The Colombo Plan affected my teenage years on a very personal level. As a Muslim teenager of Pakistani ancestry growing up in Perth in the late '50s, I was miserable and given to rehearsing rebellious speeches in front of the mirror, speeches that went no further than my bedroom. I envied the freedom enjoyed by my Anglo-Australian friends and spent a lot of time daydreaming about taboo pastimes, like dancing the twist and 'going out'.
There were no other Muslim families in Perth. My grandfathers had ventured to Australia in the 1890s, years before 1901 and the slamming of doors in the faces of people who looked like 'us'. On weekends I entered a twilight zone. I knew there had to be more to life than taking my baby brother to the cinema. This was decades before mobiles and the internet linked you up with like-minded strangers.

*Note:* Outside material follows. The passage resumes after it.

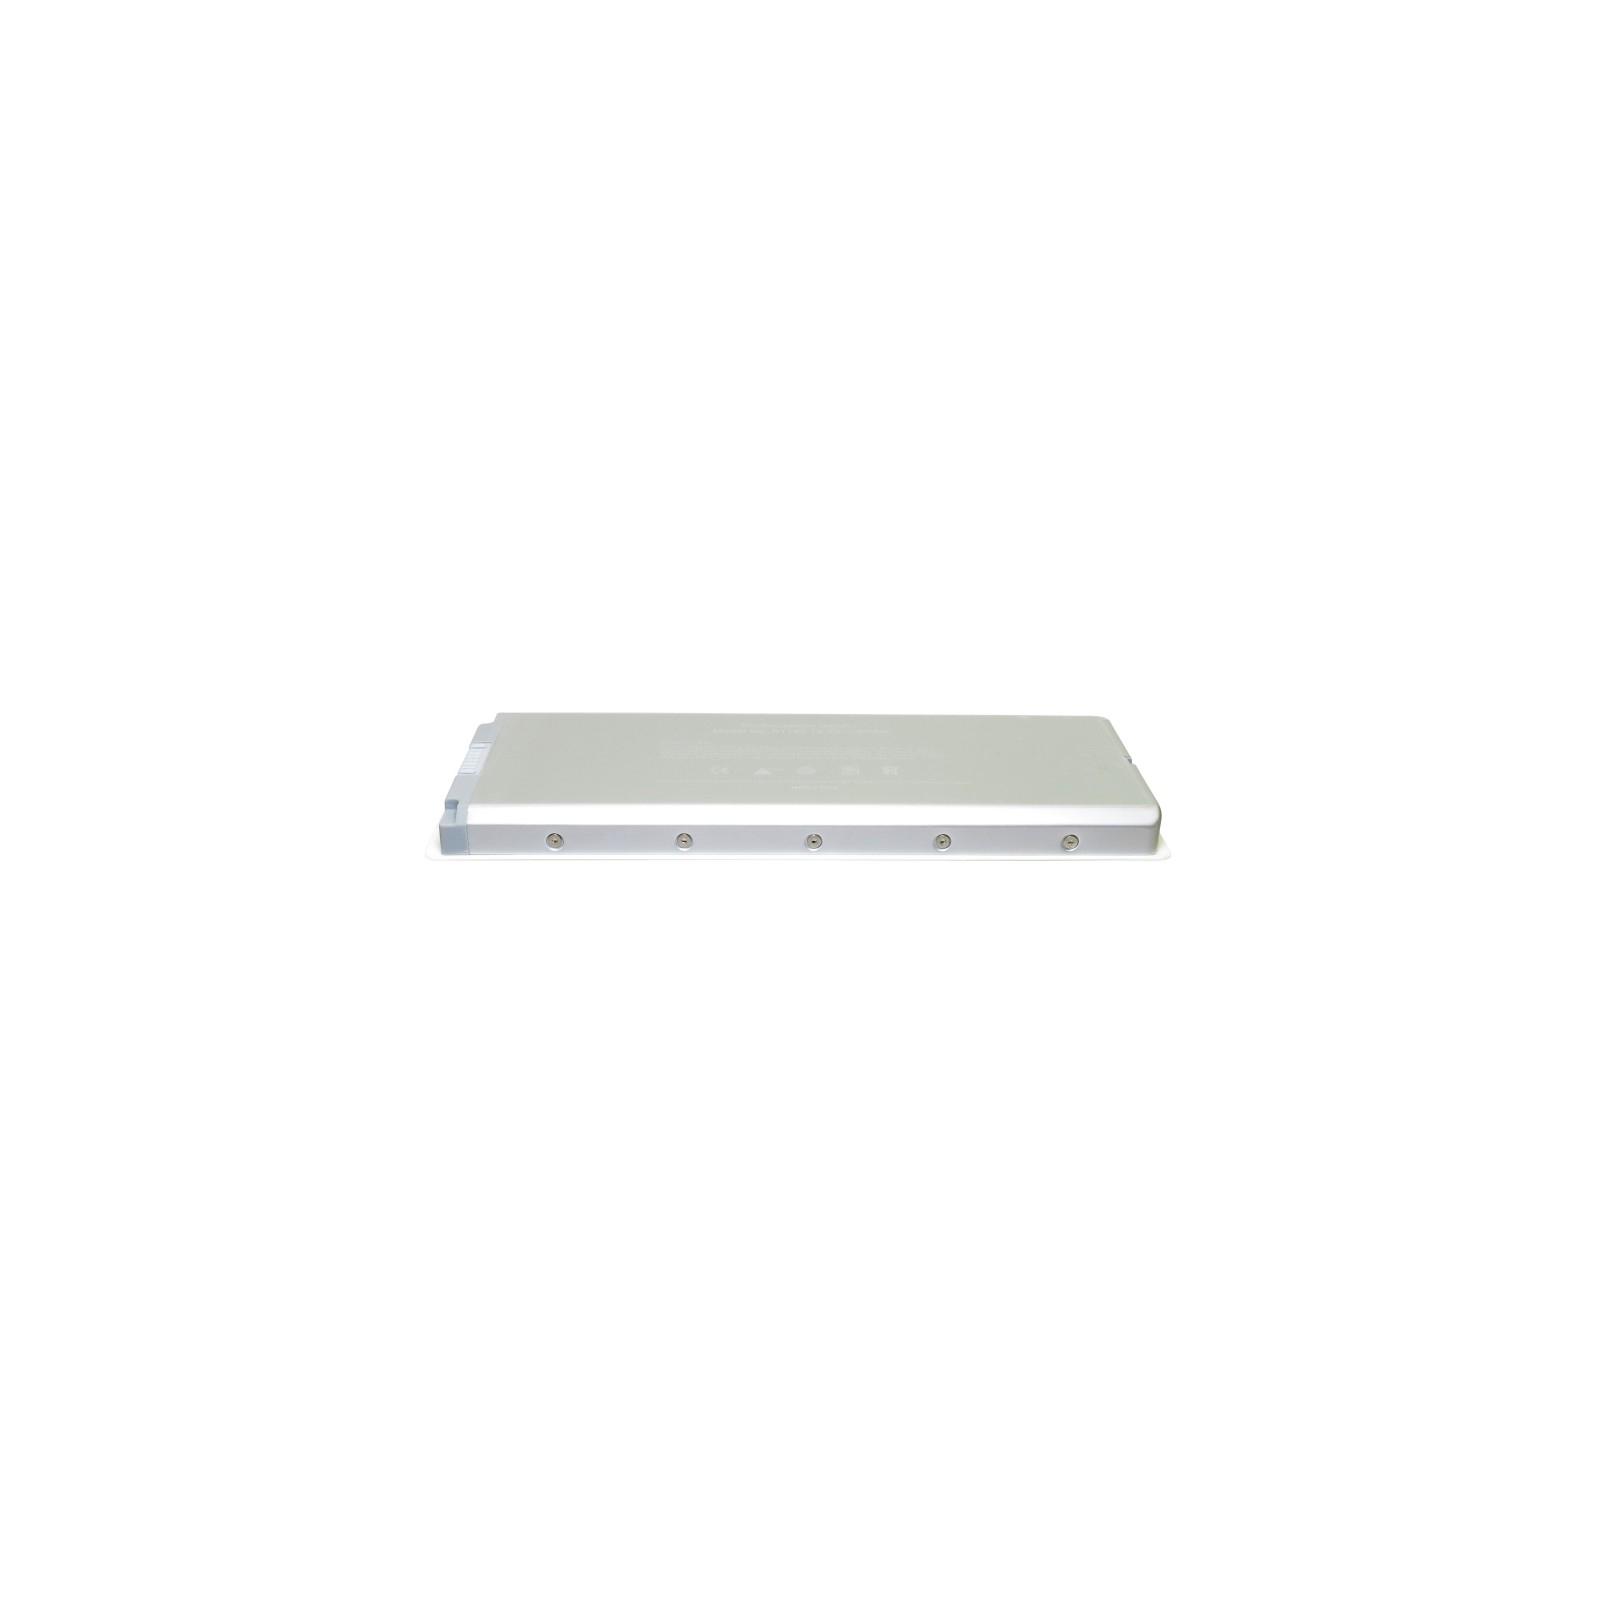 Аккумулятор для ноутбука APPLE A1185 (5550 mAh) White EXTRADIGITAL (BNA3901) изображение 3

But one sunny day a normal teenage life became my lot, and my father's hair did not turn grey overnight. Suddenly I had friends who looked like me and we could go out together as a group. I owed it all to an Australian initiative for students from the Asia-Pacific region, an educational scheme light years ahead of the times.
Under the plan the first students to enrol in our tertiary institutions came from Malaysia, Singapore, Indonesia, India and Pakistan. In the early phase of the plan many students happened to be Muslims. Nursing, engineering, business studies and economics were popular choices.
Certainly the students were carefully selected: intelligent, proficient in English, friendly, charming and good looking young people. Friendships were forged and many Anglo-Celtic homes 'adopted' the newcomers. So did service clubs and sporting and church organisations. Universities treated them as special guests.